A company's current net operating income is $16,800 and its average operating assets are $80,000. The company's required rate of return is 18%. A new project being considered would require an investment of $15,000 and would generate annual net operating income of $3,000. What is the residual income of the new project?

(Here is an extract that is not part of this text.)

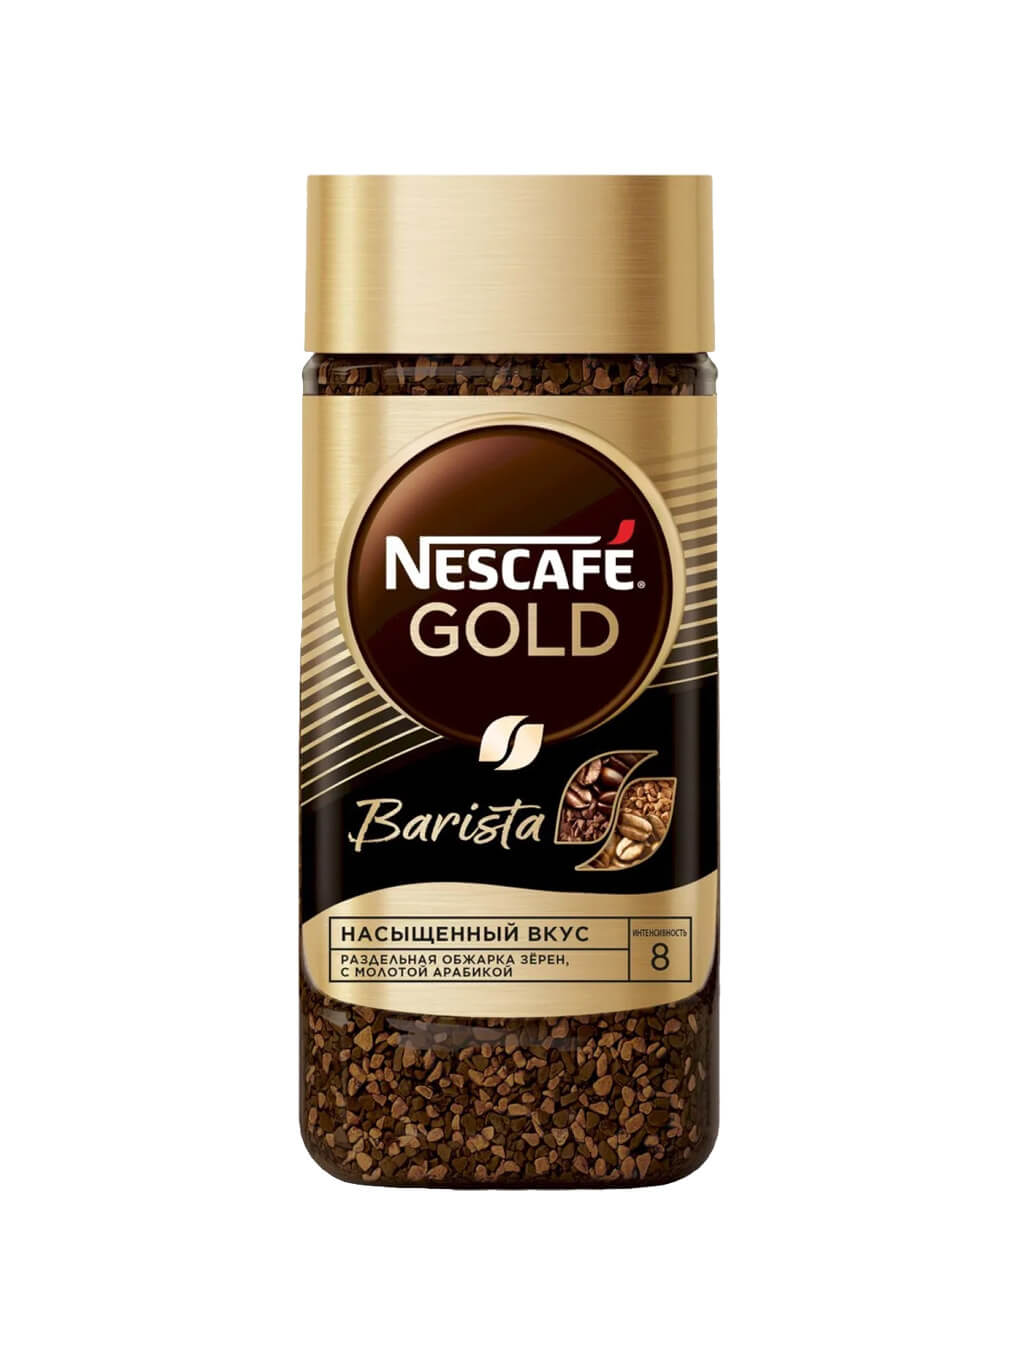 Nescafe gold barista style. Кофе Нескафе Голд бариста. Nescafe Gold Barista со вкусом. Кофе Nescafe Gold Barista раств.,85г (набор с кружкой). Nescafe Gold Barista Style 85.

$300 Residual income = net operating income- (average operating assets * minimum required rate of return)=3,000-(15,000*.18)=3000-2,700=300
A. Hagos Corporation is working on its direct labor budget for the next two months. Each unit of output requires 0.84 direct labor-hours. The direct labor rate is $9.40 per direct labor-hour. The production budget calls for producing 2,100 units in June and 1,900 units in July. If the direct labor work force is fully adjusted to the total direct labor-hours needed each month, what would be the total combined direct labor cost for the two months?
$31,584.00 The Direct Labor cost for June and July is for 2100 + 1900 units = 4000 units. The labor for these units is .84 DLH per unit * 4000 = 3360 DLH. The amount employees are paid for 3360 hours is 3360 * 9.40 = 31,584
Cockriel Inc., which produces a single product, has provided the following data for its most recent month of operations: Number of units produced - 8,000 Variable costs per unit: Direct materials - $14 Direct labor - $22 Variable MO - $1 Variable S&A - $6 Fixed costs Fixed MO - $88,000 Fixed S&A expense - $608,000 There were no beginning or ending inventories. The variable costing unit product cost was:
$37 Variable costing of the product includes only the Direct materials, direct labor and variable manufacturing overhead costs of $14 + $22 + $1 = $37. Selling and administrative expenses are not product costs. Fixed costs are not considered product costs in Variable Costing.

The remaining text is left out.